DATASET EXTRACT:
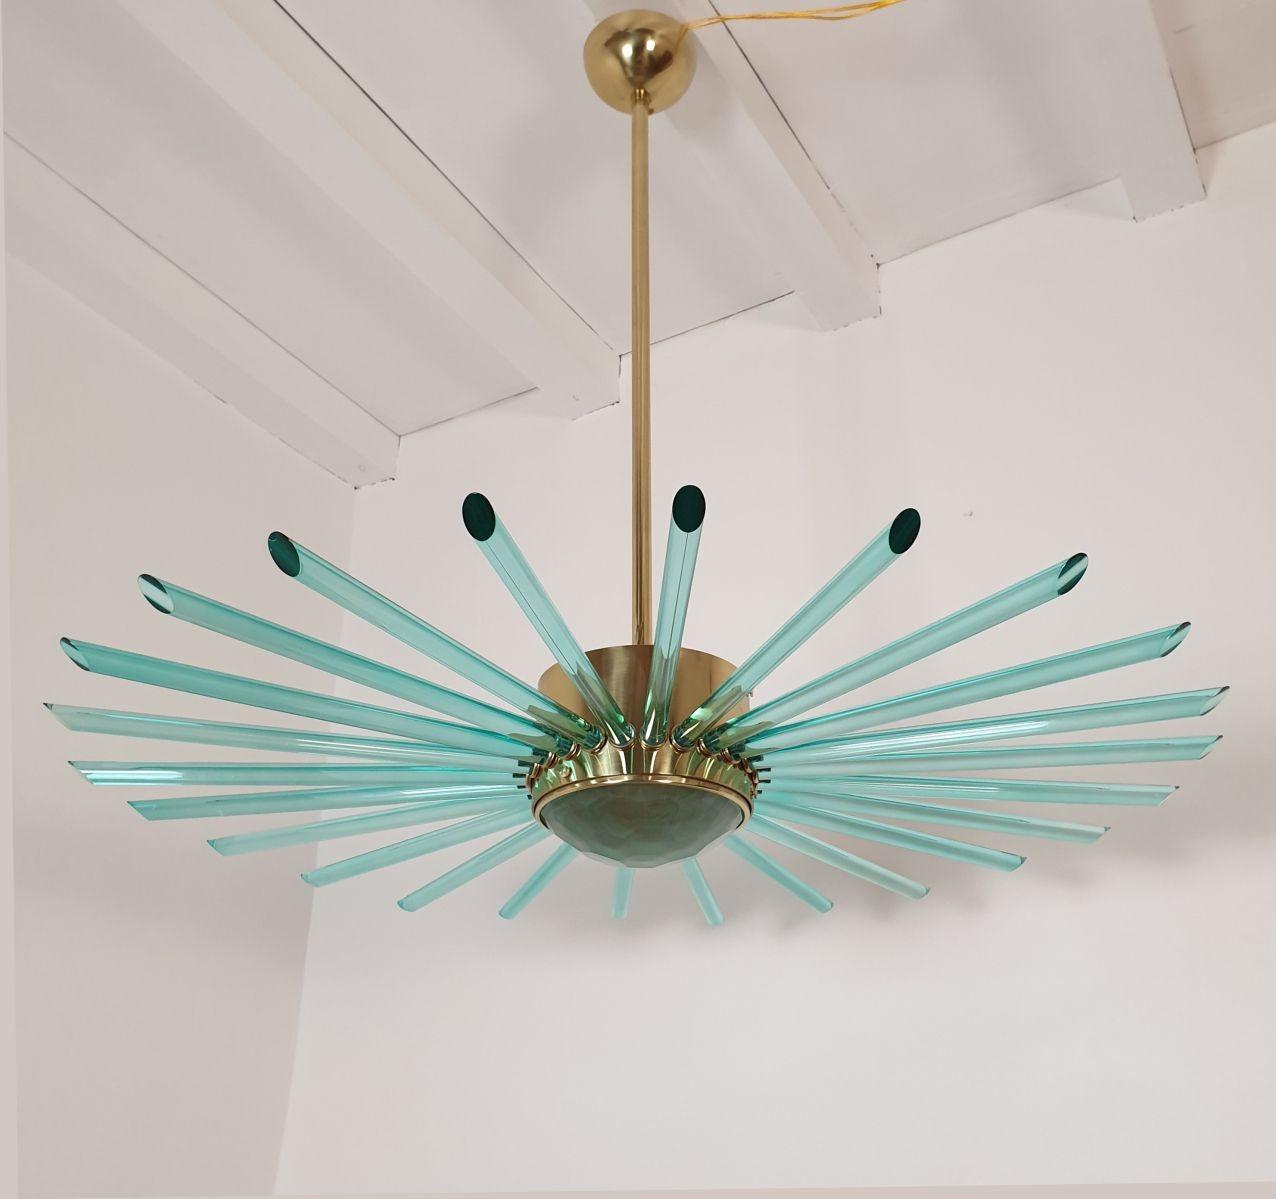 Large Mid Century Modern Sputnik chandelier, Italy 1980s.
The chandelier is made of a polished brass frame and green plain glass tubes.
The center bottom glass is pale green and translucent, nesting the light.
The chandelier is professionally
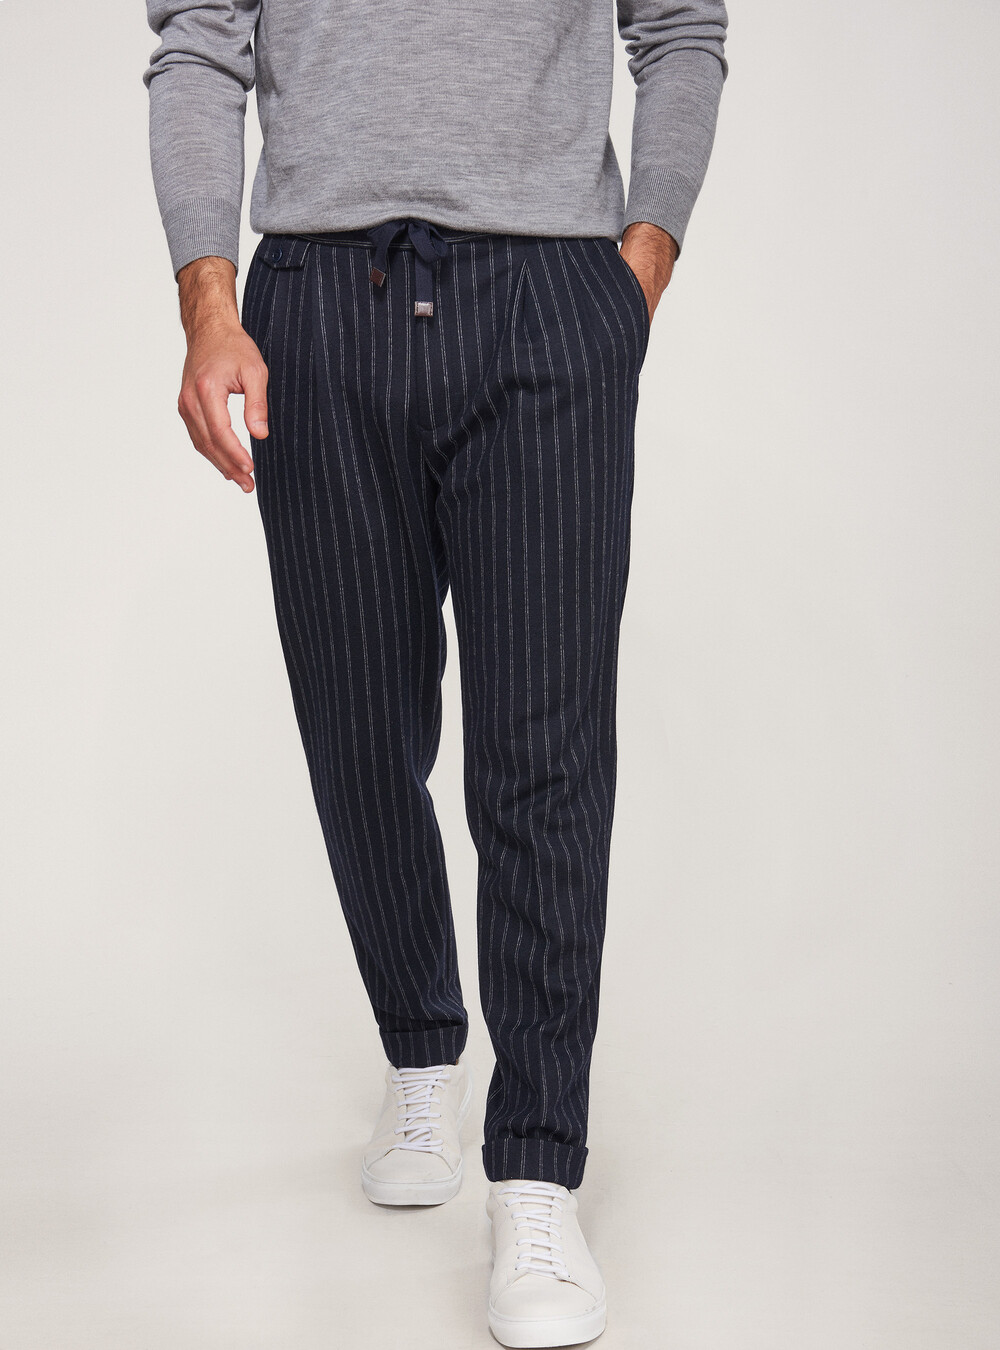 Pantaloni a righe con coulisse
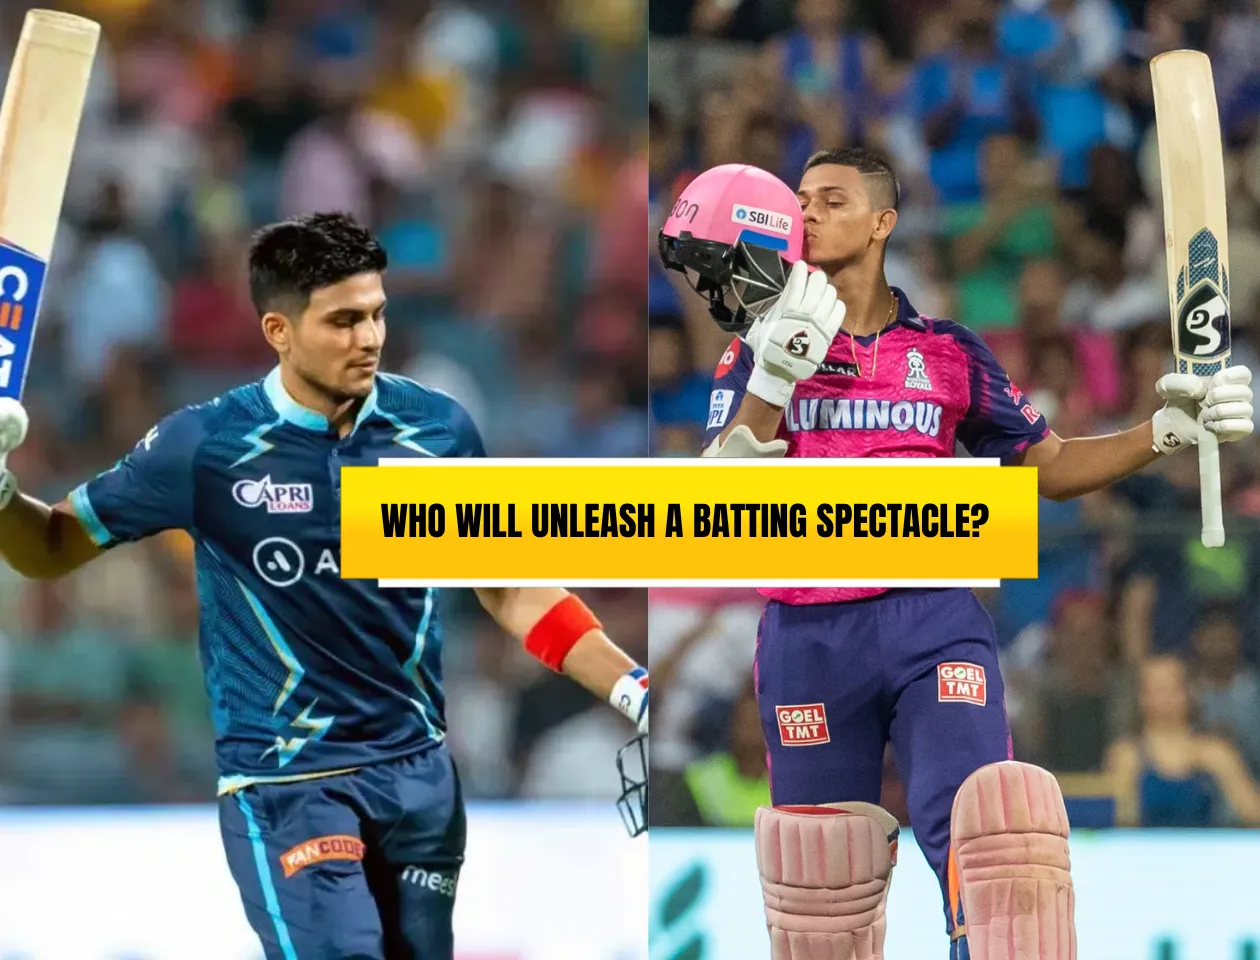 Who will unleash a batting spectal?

TASK DESCRIPTION: Using the entries, return every line where the word "glass" can be found.

RESPONSE AREA:
The chandelier is made of a polished brass frame and green plain glass tubes.
The center bottom glass is pale green and translucent, nesting the light.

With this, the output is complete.